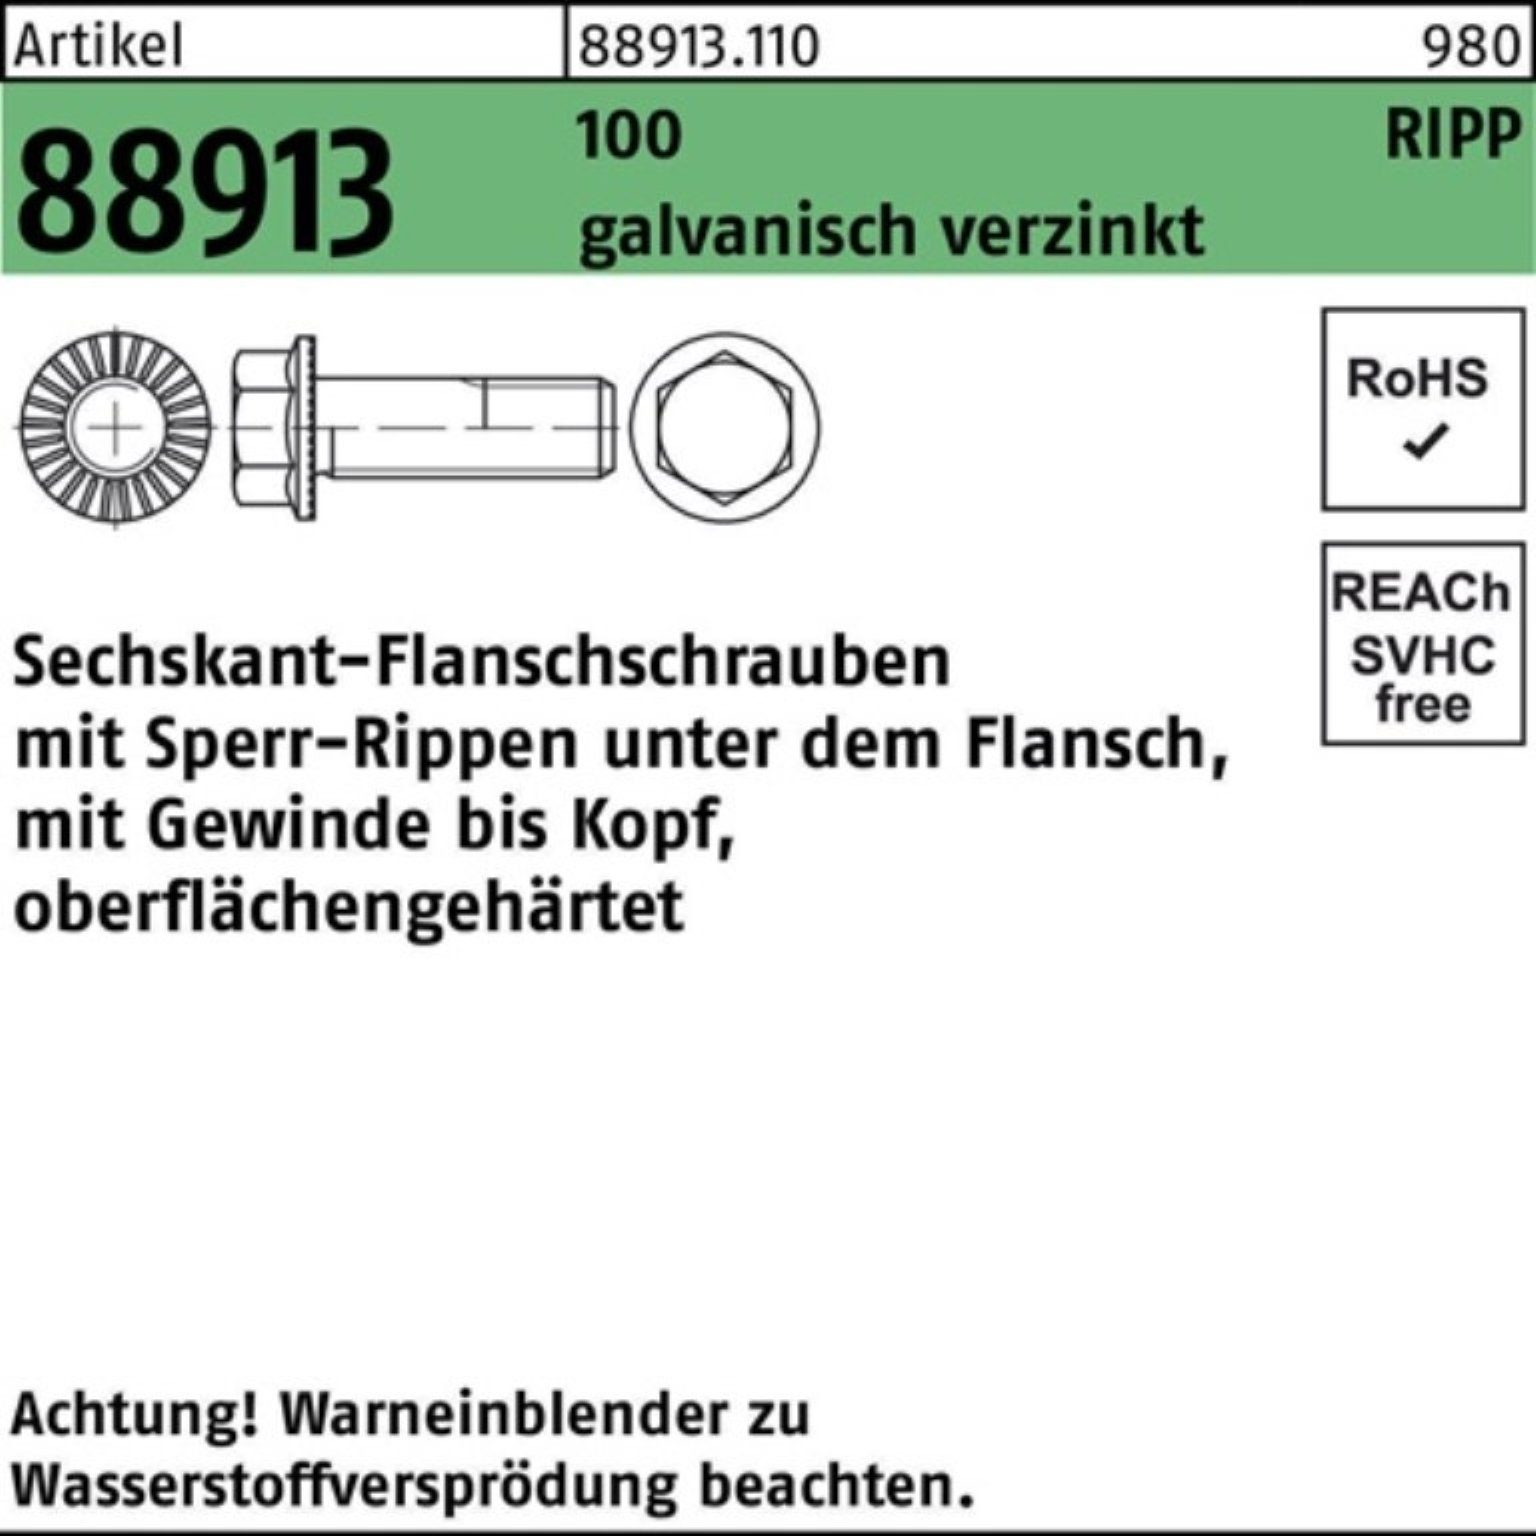 Reyher Schraube 88913 Sechskantflanschschraube 100er Sperr-Ripp R Pack M16x60 g VG 100
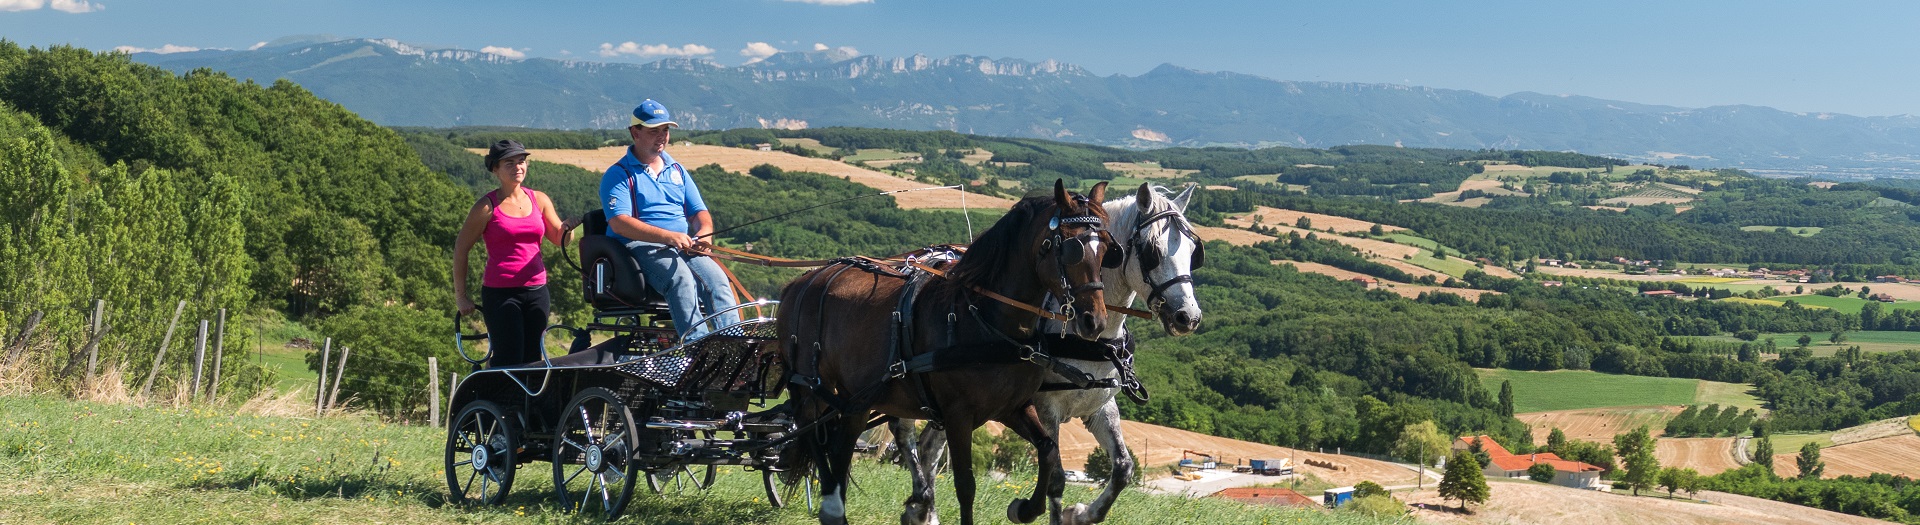 Cavaliers en attelage dans la Drome, vue sur les collines
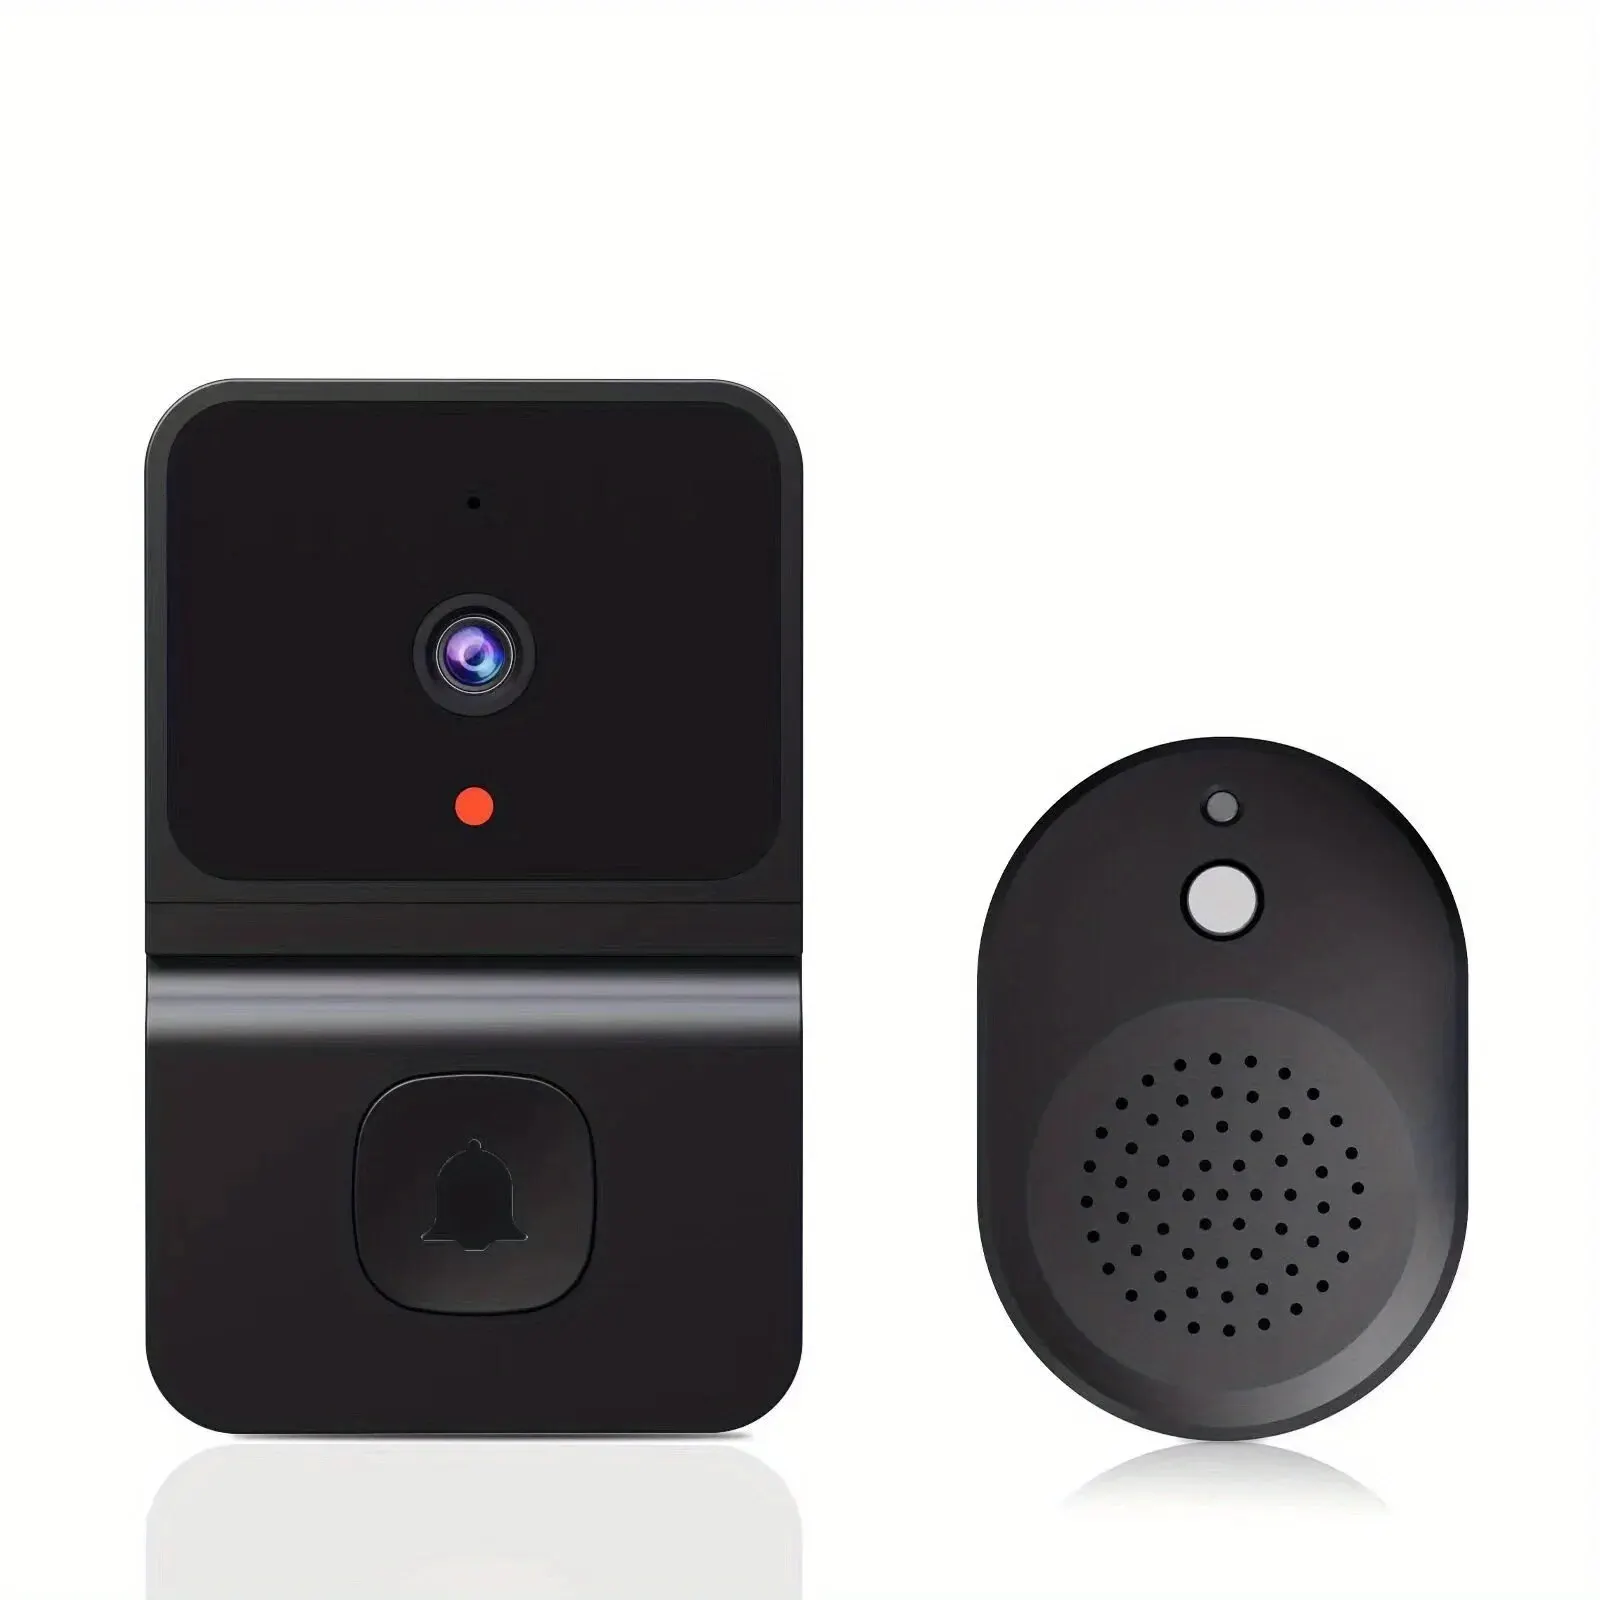 Draadloze Deurbel Wifi Outdoor Hd Camera Beveiliging Deur Bell Night Vision Video Intercom Stemverandering Home Monitor Deur Voor Telefoon

◆ Your assignment: Repeat the material above exactly; any picture in it is left out.

◆ Exercise solution:
 Reyher Schraube 88913 Sechskantflanschschraube 100er Sperr-Ripp R Pack M16x60 g VG 100
 Cavaliers en attelage dans la Drome, vue sur les collines
 Draadloze Deurbel Wifi Outdoor Hd Camera Beveiliging Deur Bell Night Vision Video Intercom Stemverandering Home Monitor Deur Voor Telefoon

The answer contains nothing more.